Camelia Kuhnen, then of Stanford with her Stanford colleague Brian Knutson and Vanderbilt’s Gregory Samanez-Larkin posit a small but meaningful genetic basis to risk-averse financial investing, providing a biological basis for findings that women hedge fund managers outperformed male counterparts.
Volunteers with two short serotonin transporter genes (5-HTTLPR) reported that they tend to worry, and this pattern was associated with chosing less risky investment choices.
“Short allele carriers” also showed higher levels of the personality trait “neuroticism,” but no significant difference in cognitive skills, education, or financial status.
Kuhnen estimates that less than 30 percent of variance in risk-taking is attributable to short 5-HTTLPR, and the remaining difference is derived from experience, culture, education, and social environment.
Kuhnen and Knutson reported the neural basis of financial risk taking using event-related fMRI.
They observed that the nucleus accumbens was activated before volunteers made risky choices and made risk-seeking mistakes.
In contrast, they found that the anterior insula was activated before risk-free choices and risk-aversion mistakes.
They proposed that different neural circuits are associated with differing emotions as volunteers anticipate gain or loss associated with financial choices.
This emotional activation “signature” can lead to specific investment choices, favoring or avoiding risk, and may lead to investing mistakes.
In unpublished research, Kuhnen found that short-allele carriers showed increased anxiety before making a decision in a trial-and-error risk discovery task, but reacted no differently than long-allele carriers when they observed a negative outcome.
She noted that volunteers differ in how they anticipate and react to a potential decision before they make it rather that in their reactions to actual outcomes of investment decisions.

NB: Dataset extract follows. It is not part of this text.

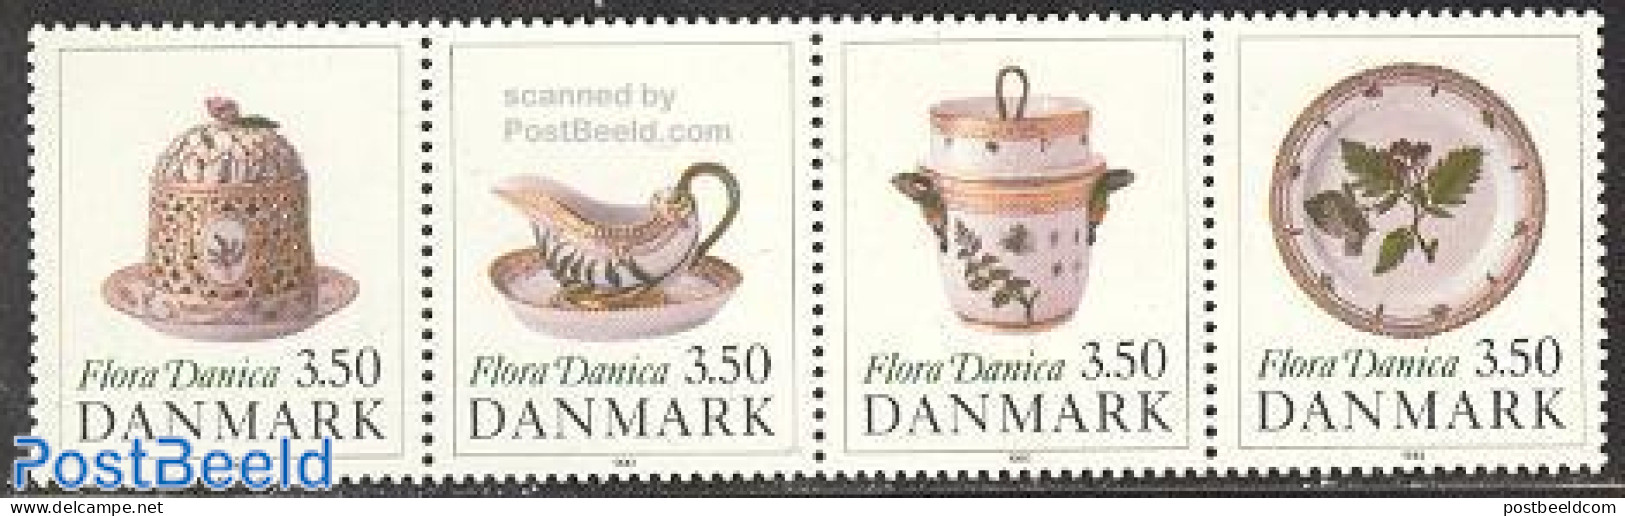 Denmark 1990 Porcelain 4v [:::], Mint NH, Art - Art & Antique Objects - Ceramics - Ungebraucht

Kuhnen, now at Northwestern collaborated with Northwestern colleague Joan Chiao to investigate the impact of both the 5-HTTLPR gene and the DRD4, gene, which regulates dopamine transmission.

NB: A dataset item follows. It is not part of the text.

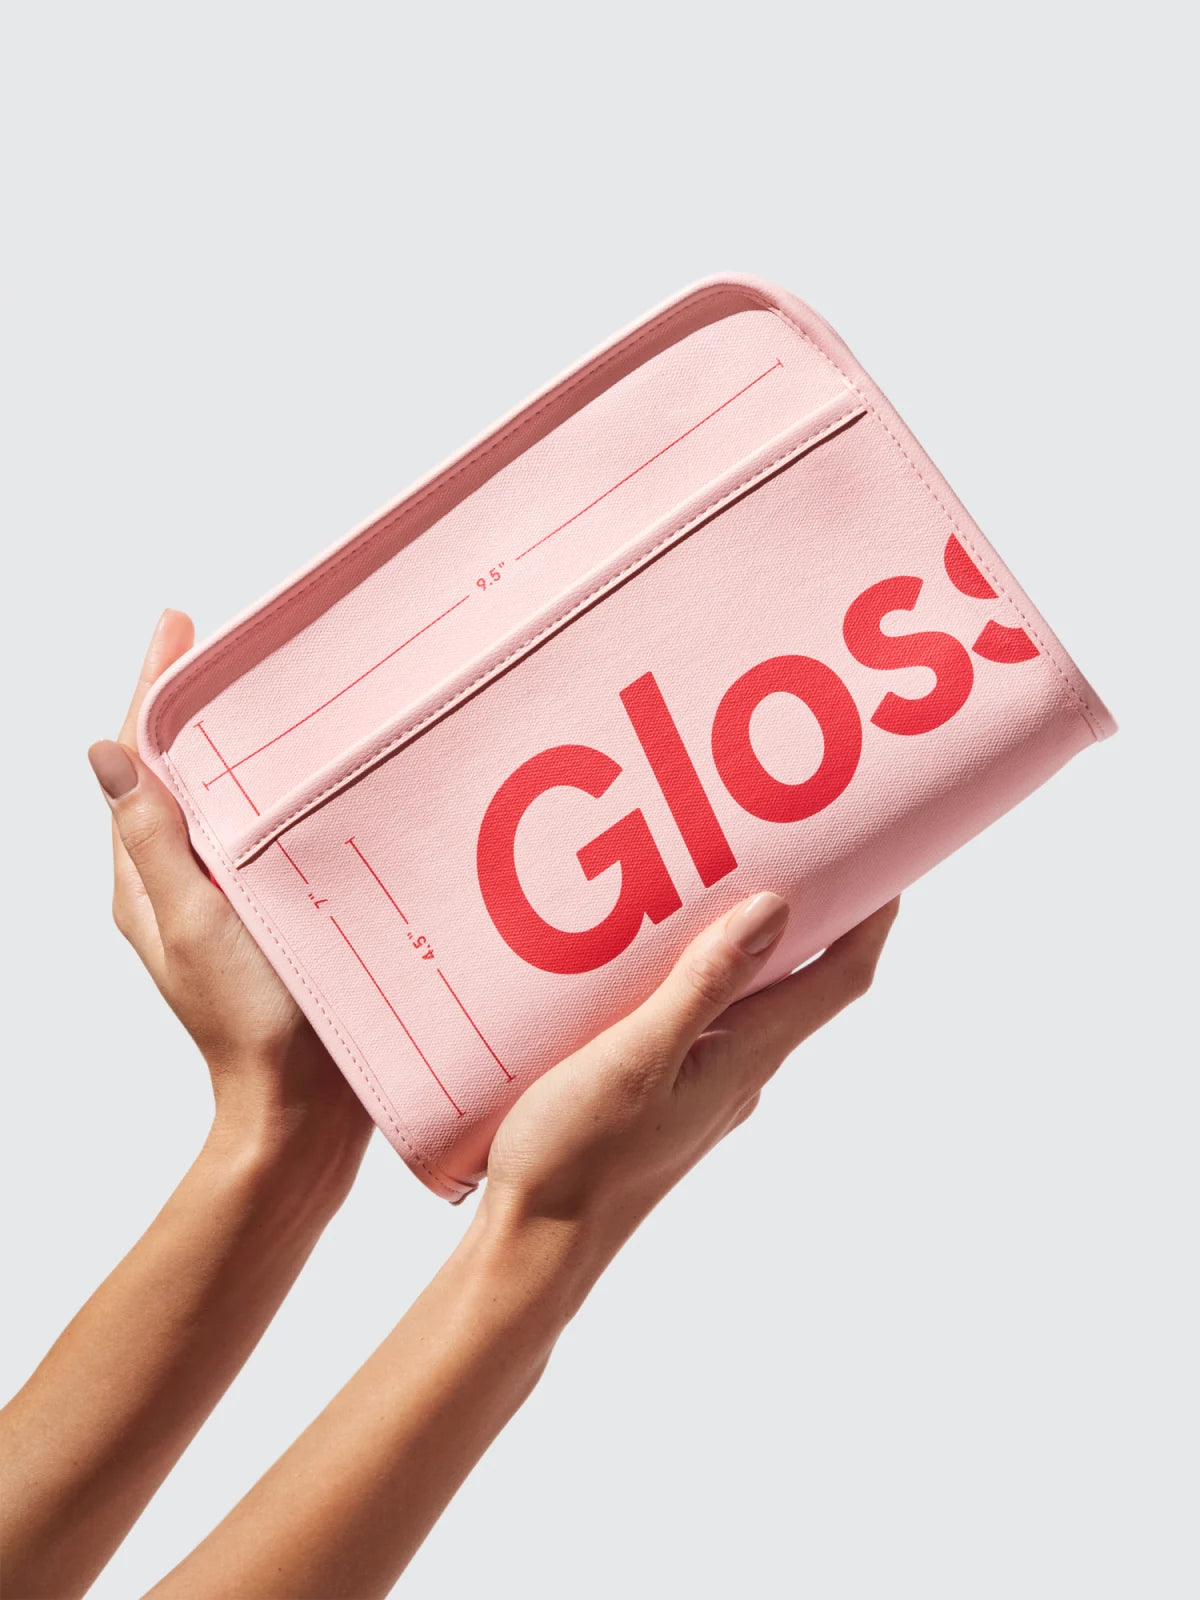 The beauty bag; Glossier

These genes and their related neurotransmitters have been linked to emotional behavior, anxiety and addiction.
Their research replicated Kuhnen’s earlier finding that individuals with two short 5-HTTLPR alleles take 28% less risk than people with other combinations, and they demonstrated that the double DRD4 7 allele carriers took 25% more risk than people with other combinations.
They conclude that serotonin is associated with risk-averse investment choices, whereas dopamine is associated with riskier choices.
Kuhnen and Chiao argue that risky investment behavior shares commonalities with other risky behaviors like drug use, gambling, unsafe sex, dangerous physical and social pursuits, and more.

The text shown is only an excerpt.